◆ **Exercise**
Repeat exactly the lines below from the line that contains "Ashley Furniture Janley" to the last line, inclusive, without the pictures.

━━ Data extract ━━

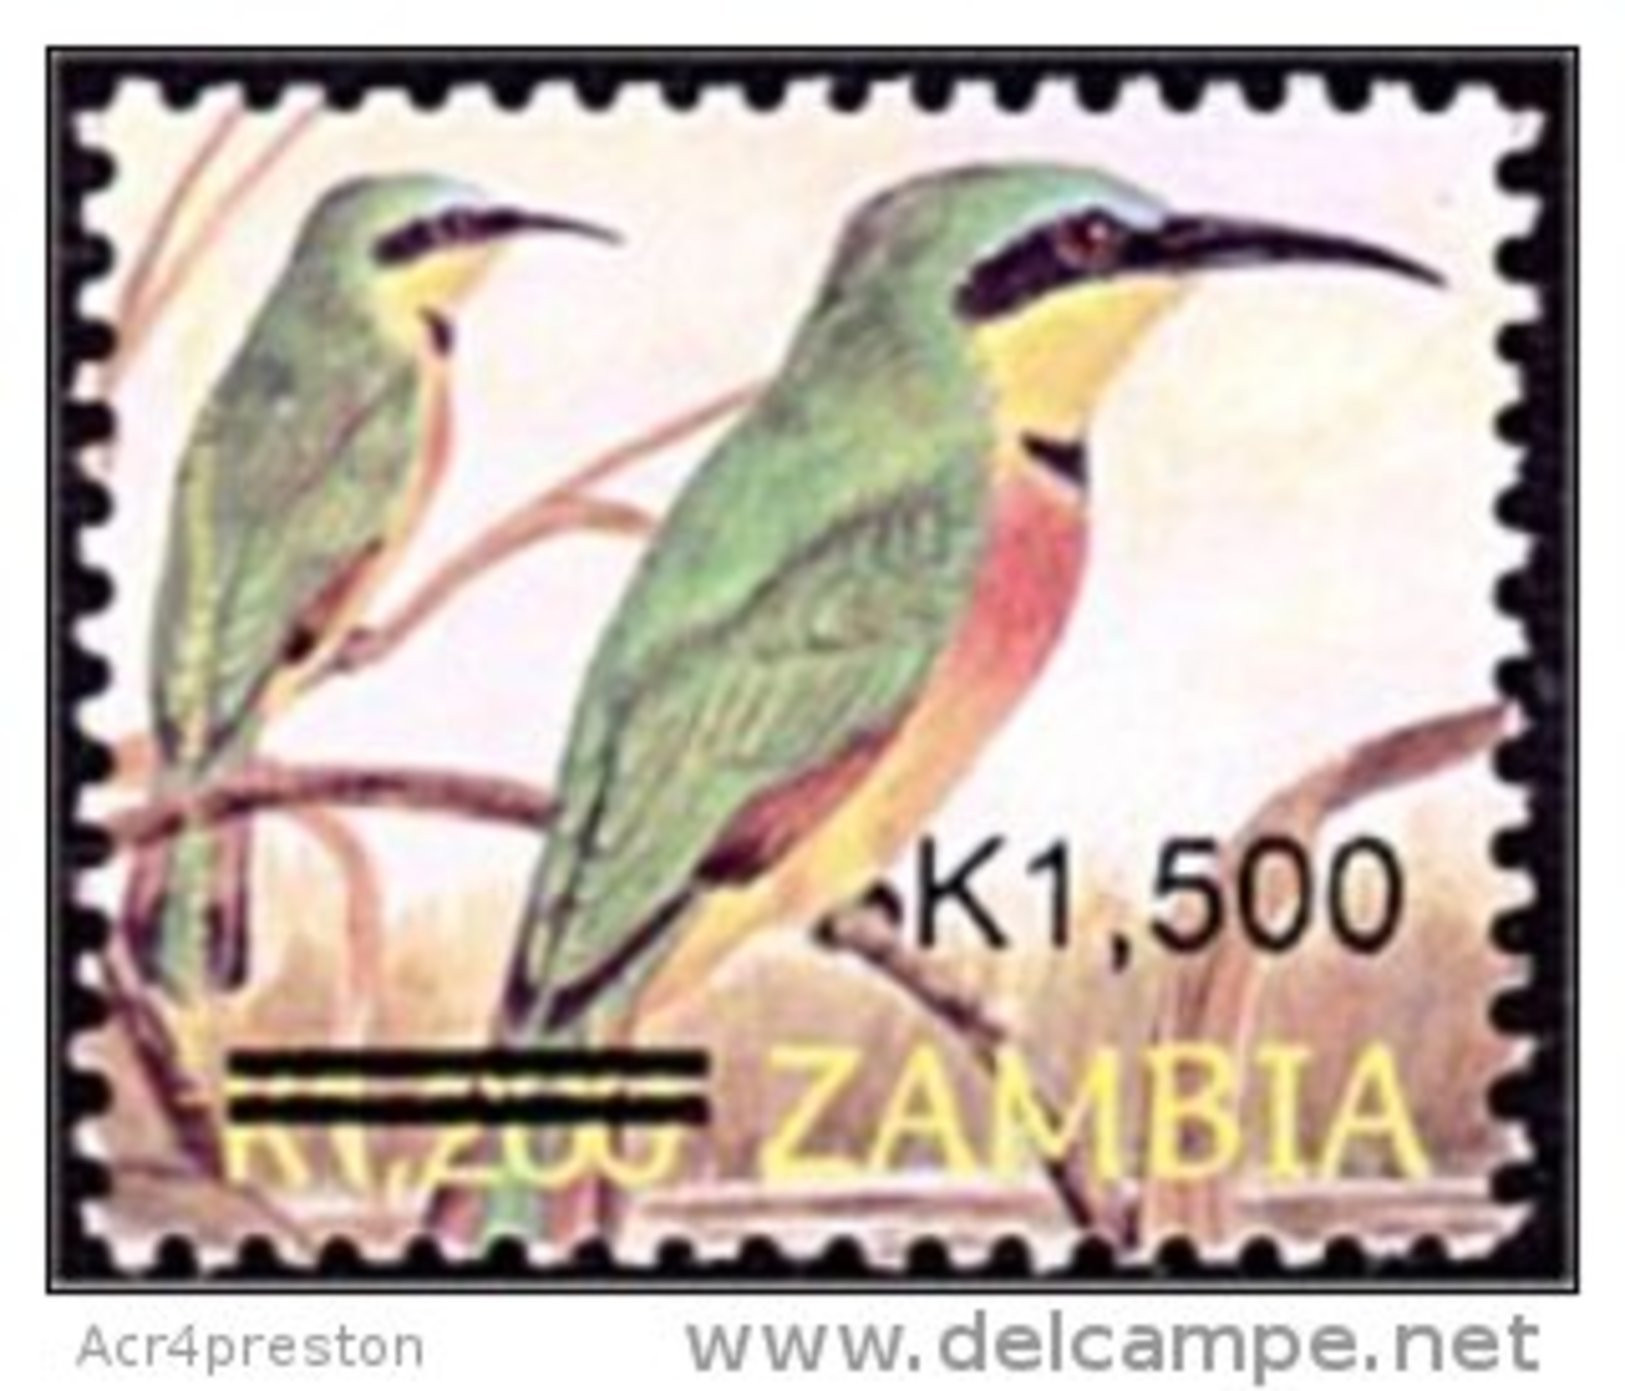 Zm1025 Zambia 2007, SG1025, K1,500 Surcharge On K1,200 Small Format Birds - Zambia (1965-...)
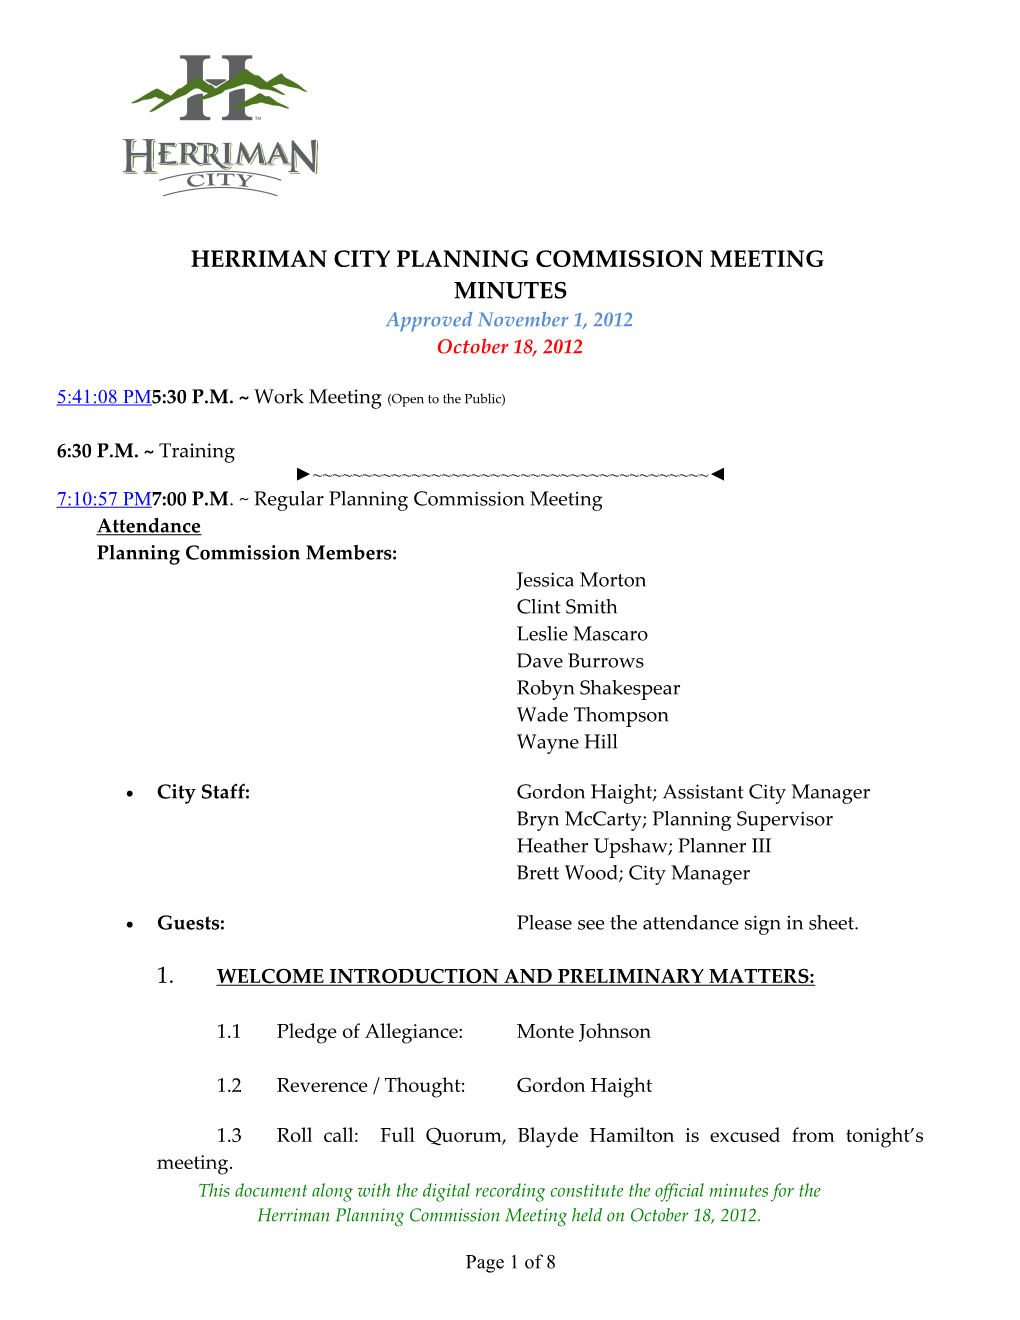 Herrimancity Planning Commission Meeting
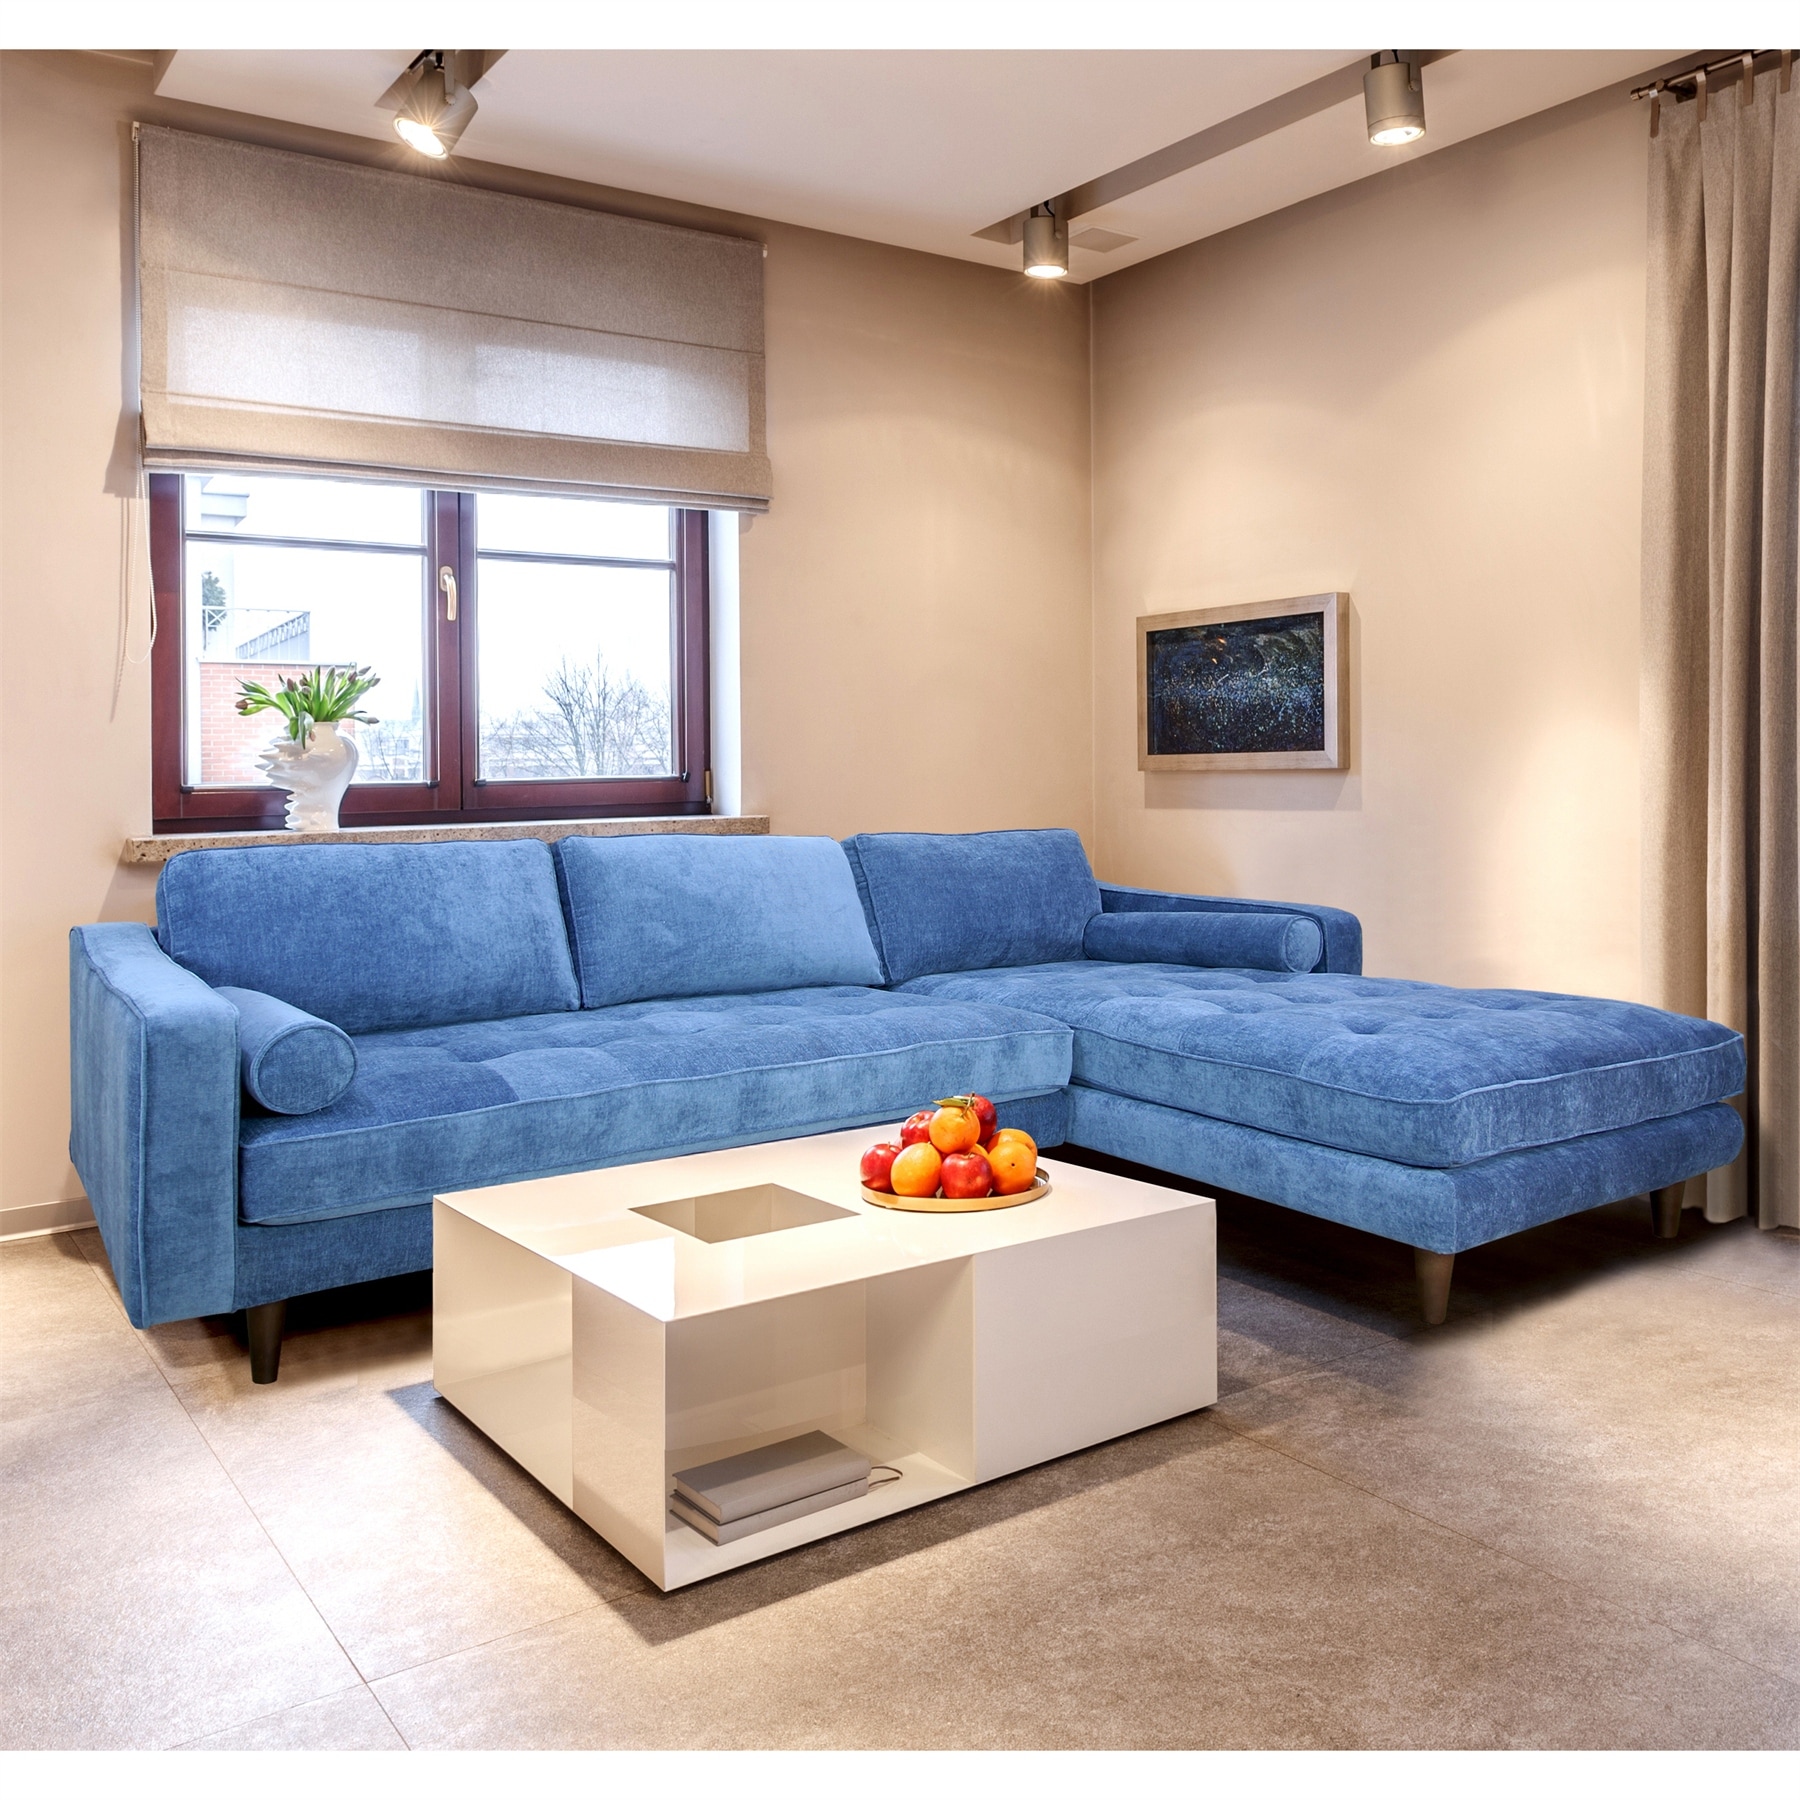 Ashley Furniture Janley Denim Sofa | Mattress furniture, Furniture,  Contemporary sofa
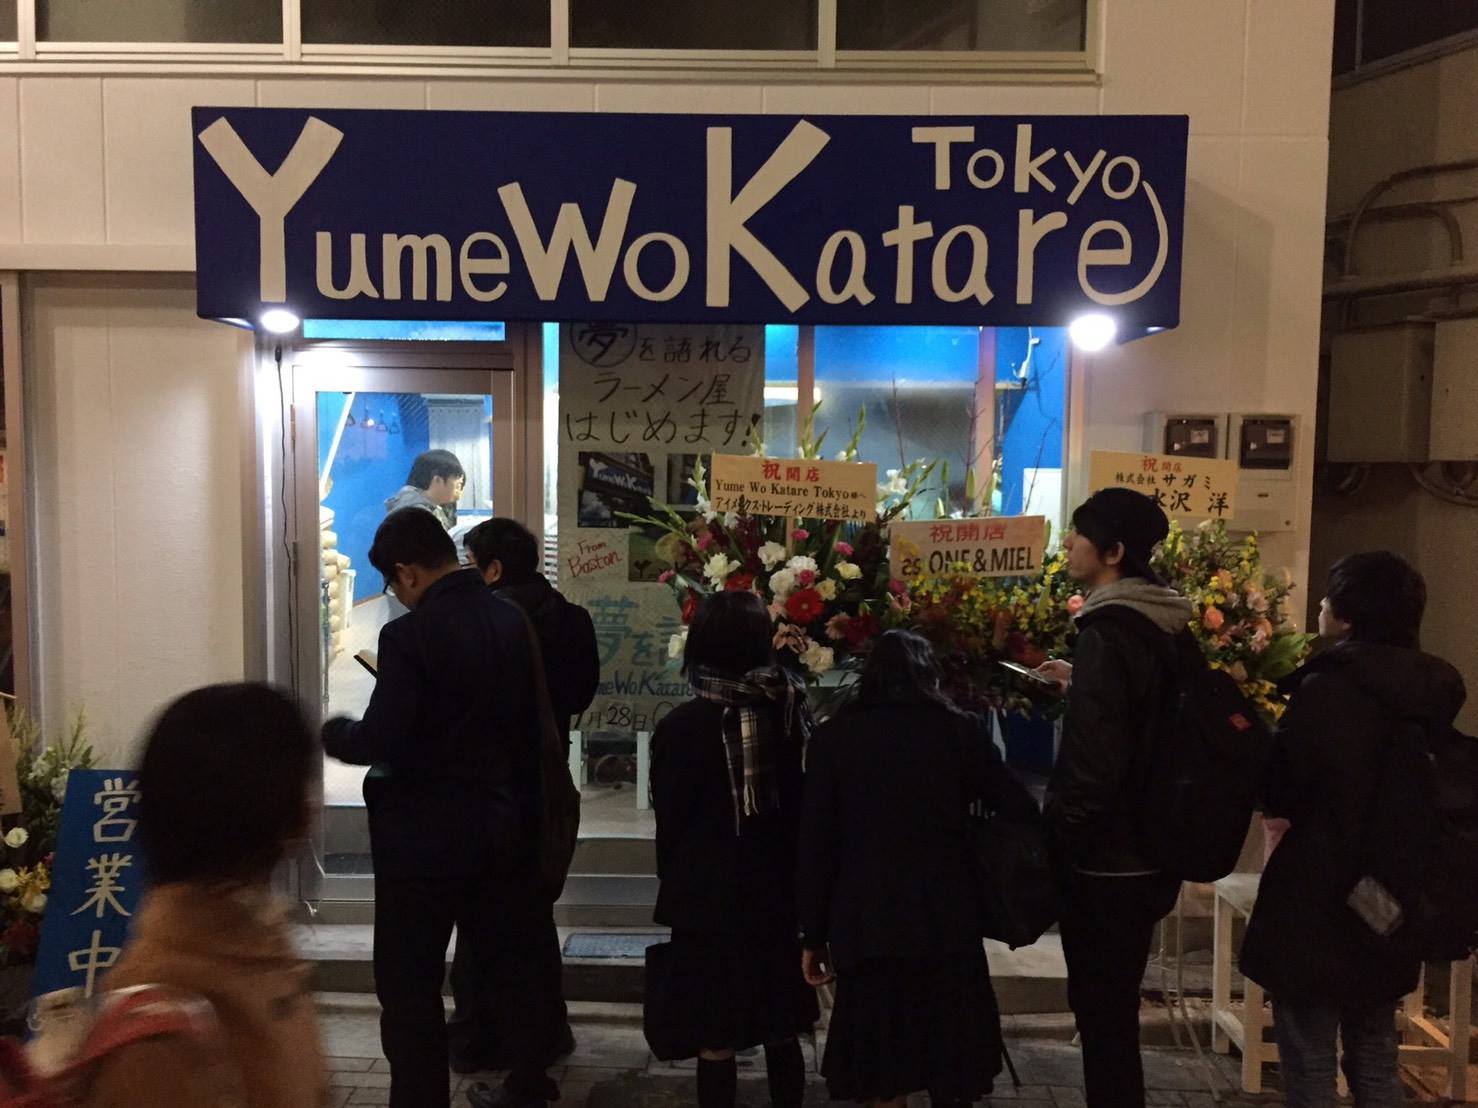 Yume Wo Katare in Tokyo

━━━

◆ **Exercise result**
 Ashley Furniture Janley Denim Sofa | Mattress furniture, Furniture,  Contemporary sofa
 Yume Wo Katare in Tokyo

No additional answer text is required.